(What you will do):
After locating the line that contains "TypeScript 3.3 released" in the material below, copy that line and each one following it, exactly, up to the last line. Pictures stay out.

(Data extract):
=======
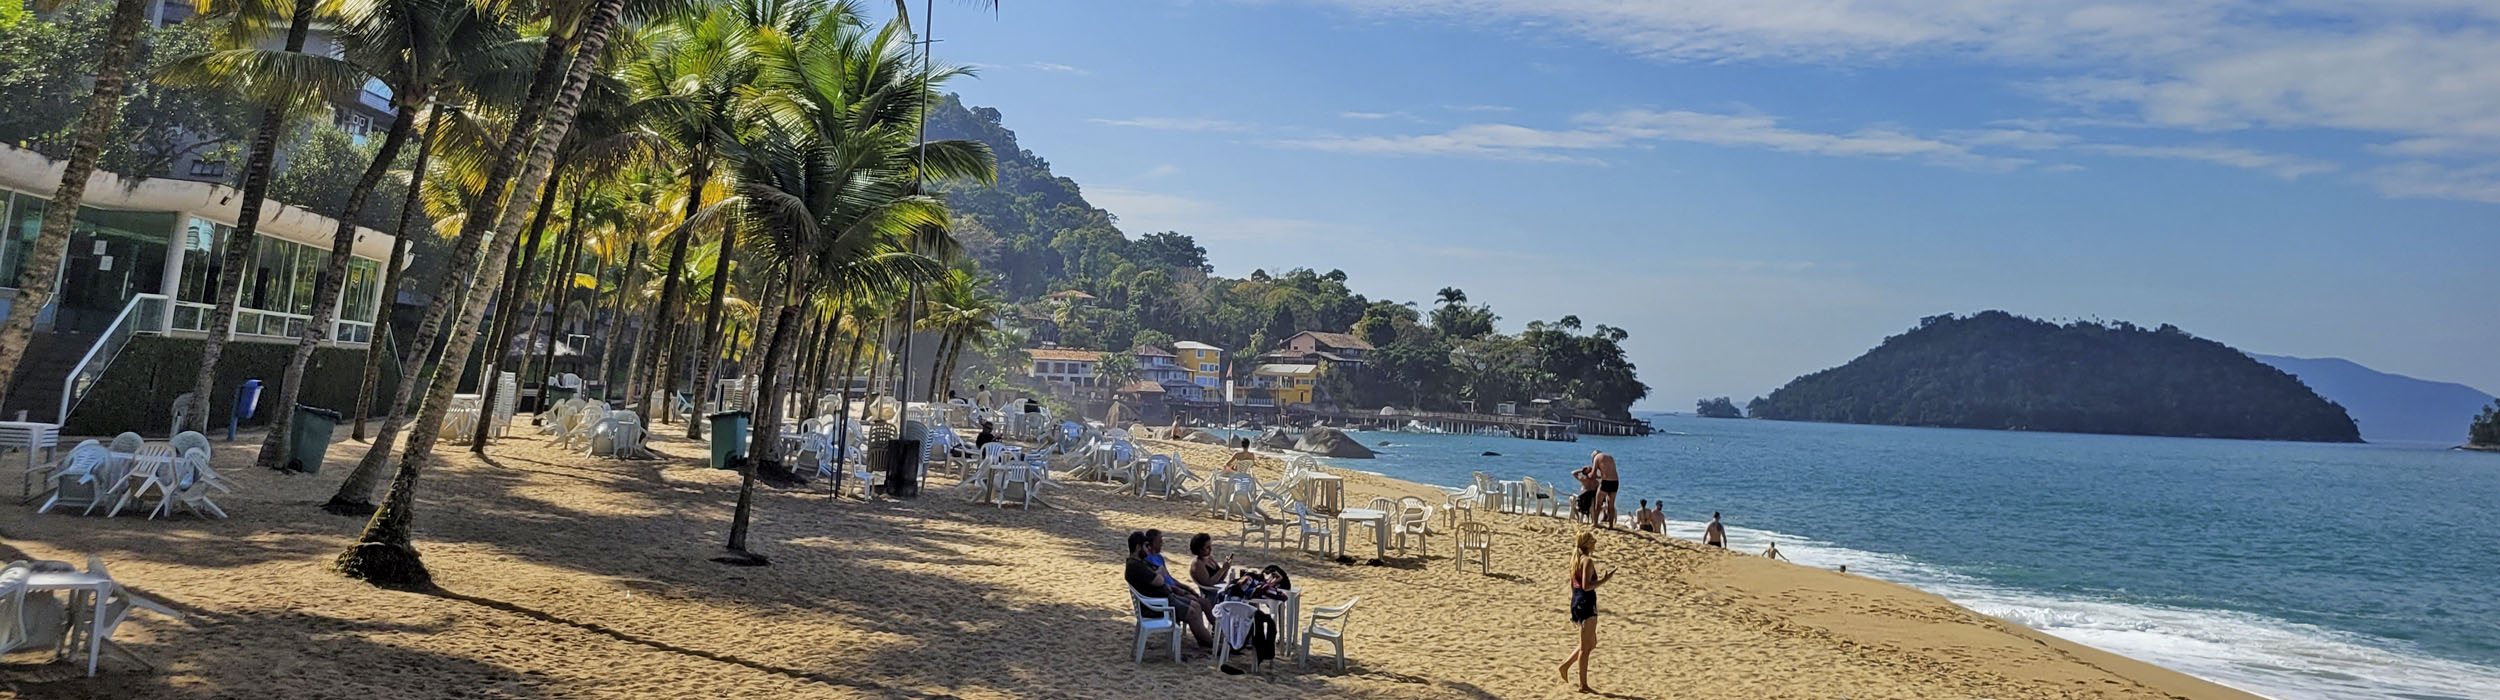 Praia Alta - Condomínio Porto Real Resort
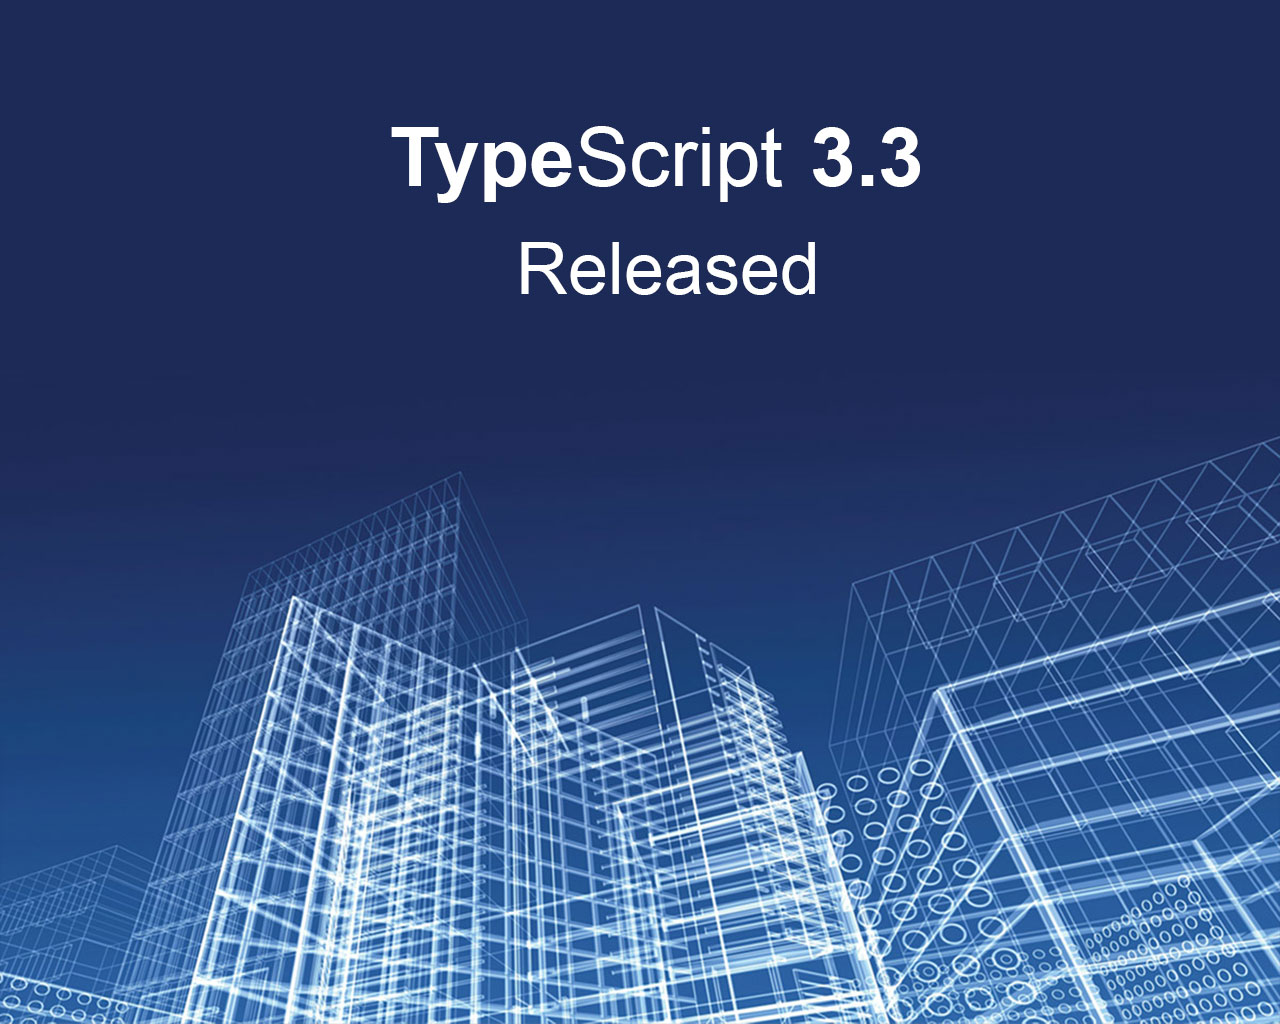 TypeScript 3.3 released
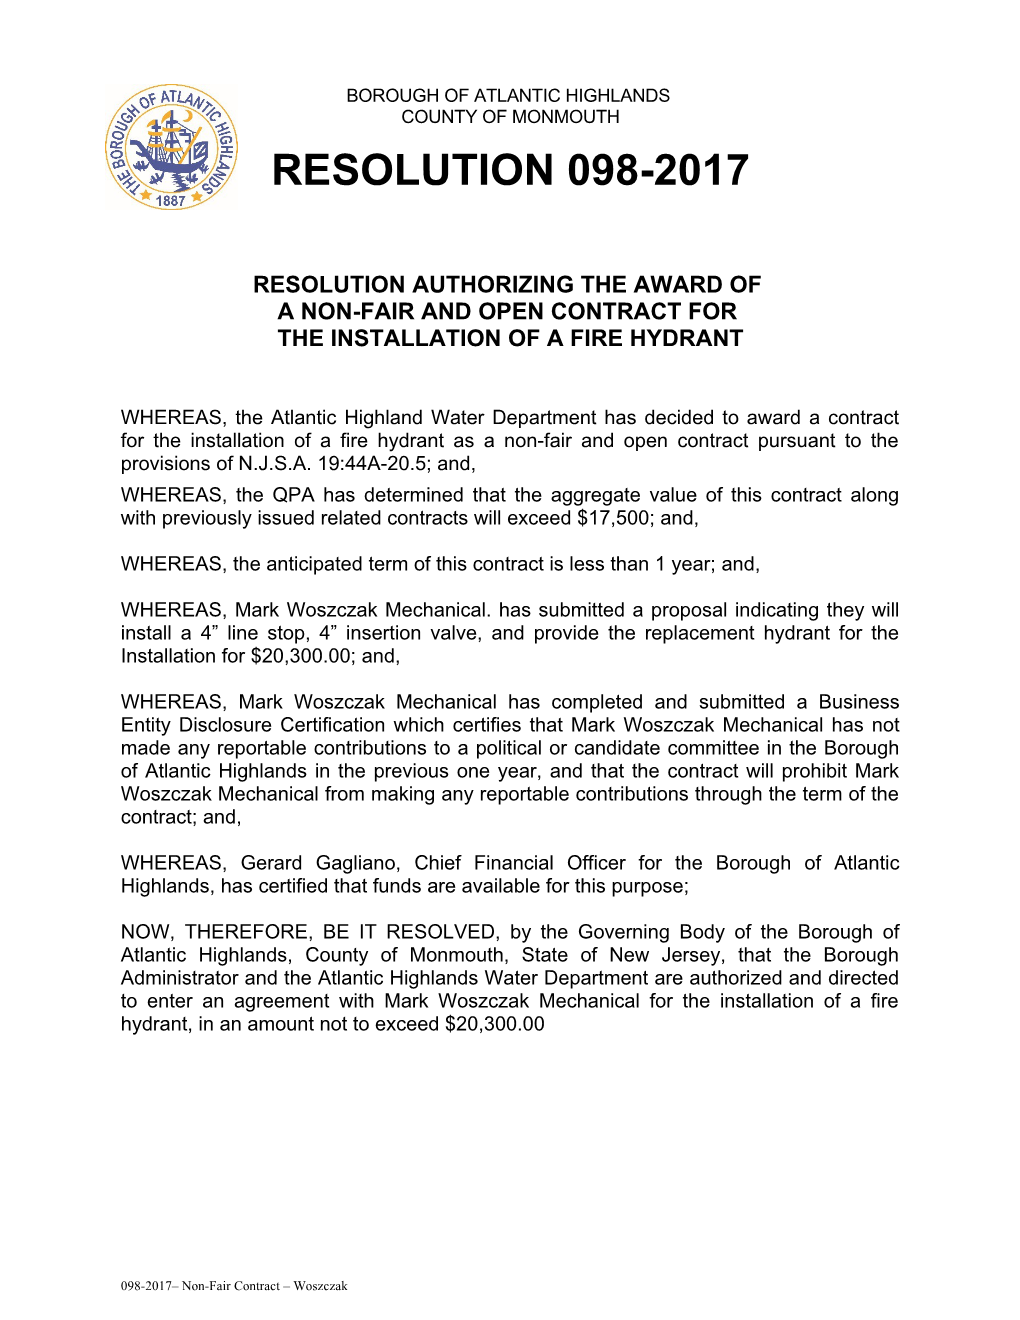 Resolution Authorizing the Award Of
=======
(Answer to the problem):
 TypeScript 3.3 released
 Resolution Authorizing the Award Of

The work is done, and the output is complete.